In fall of 1854, he started on a journey to Italy. His first longer stop was in Venice and he used the time there to study Giorgione, Bellini and Giotto (in nearby Padua). After having proceeded to Florence – where Hofmann stayed for two months – he then went to Rome in January 1855. The comprehensive correspondence with his family and his detailed diary reports convey an impression of his way of painting at that time. He was deeply impressed by artwork of Antiquity, Christianity and the Renaissance.
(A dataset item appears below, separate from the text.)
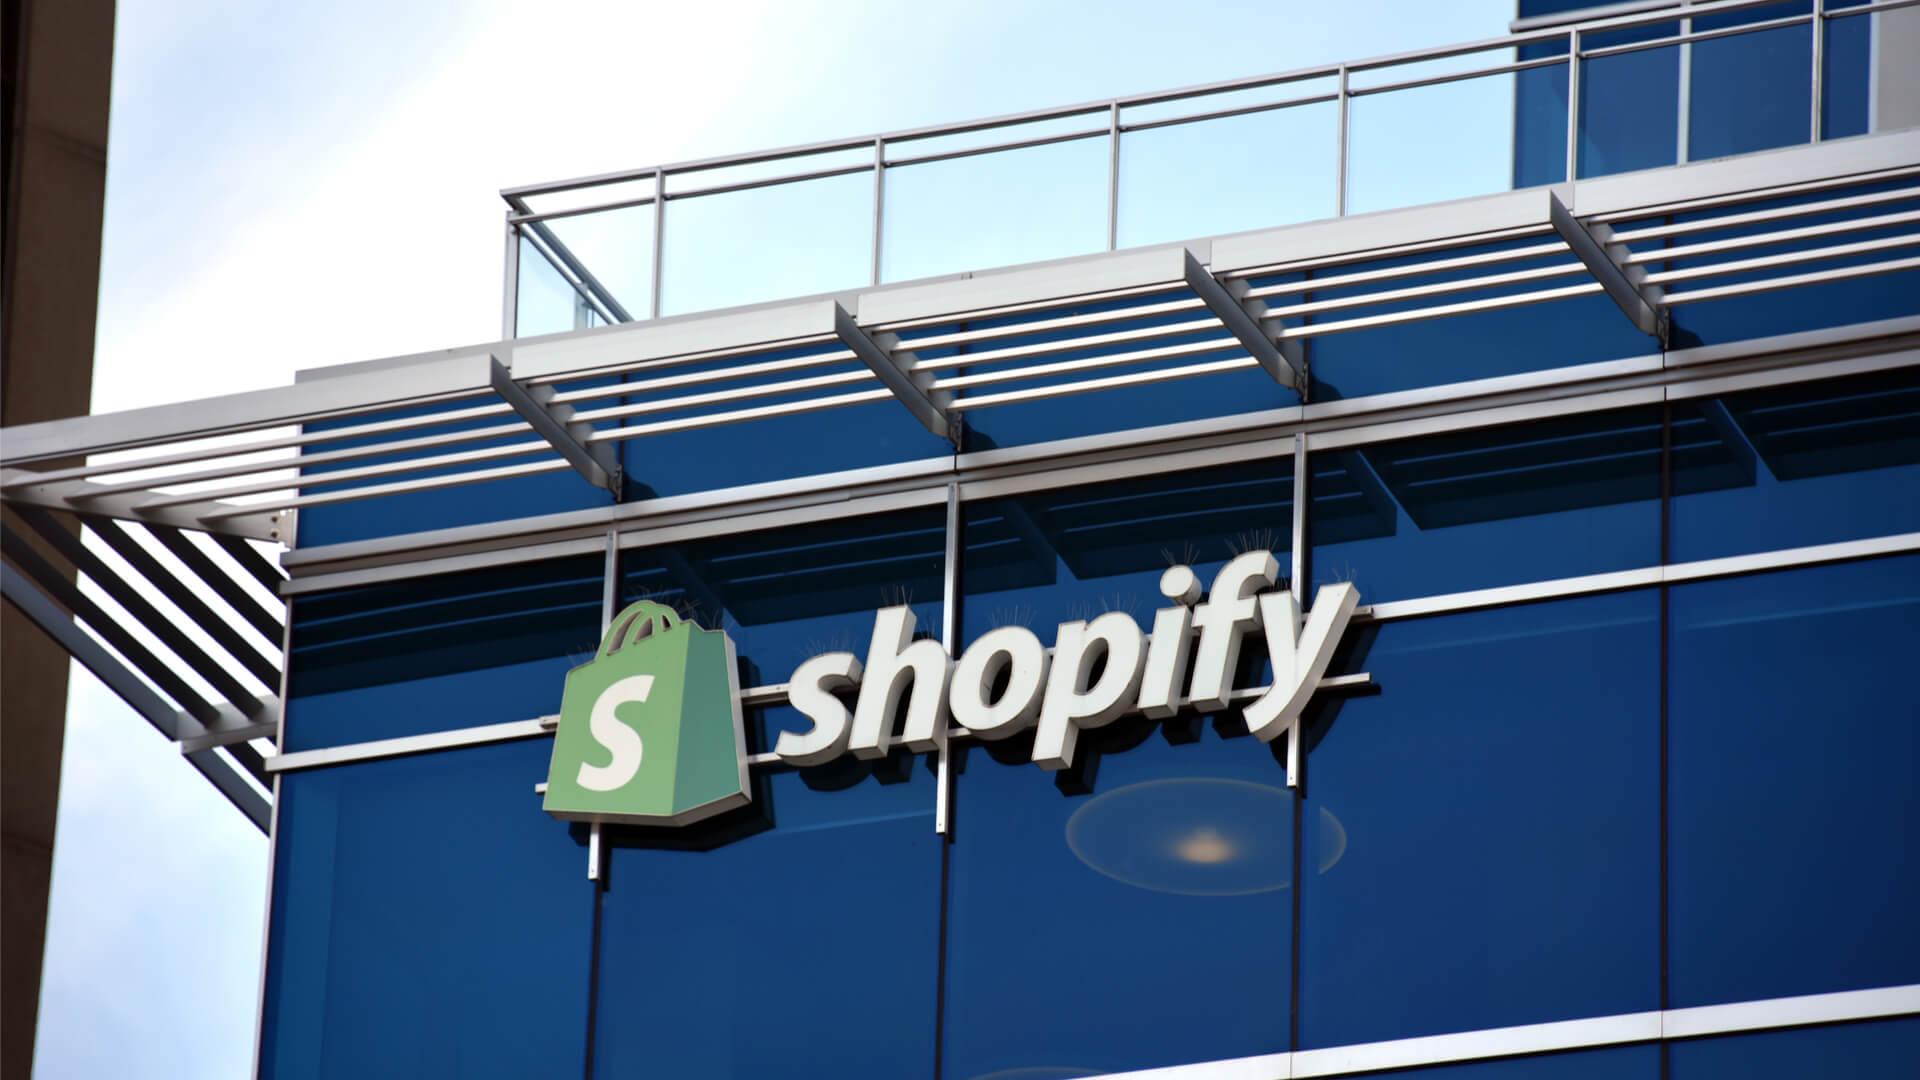 Setup a US company to sell on Shopify

Not long after his arrival in Rome, he was introduced to Peter von Cornelius (1783–1867) and frequently paid him a visit. When he began his masterpiece The Arrest of Jesus in 1854, this work awakened the interest of Cornelius and for 4 years he accompanied Hofmann with his counsel and his constructive criticism. In 1858 the painting was finished and acquired by the Grand Duchy Art Gallery in Darmstadt. (It is still there – not on exhibition but in the archives of the Hessisches Landesmuseum.)

In 1858, Hofmann returned to Darmstadt and in the following year he married Elisabeth Werner. The couple had no children.

Now another period of painting portraits began. In addition Hofmann created a large altarpiece for the church in Obermörlen (Hesse): “Madonna with Christ Child and apostles Paul and Peter”. Some time later an altarpiece for Væggerløse Church (Denmark) was painted: “The Resurrected Christ”.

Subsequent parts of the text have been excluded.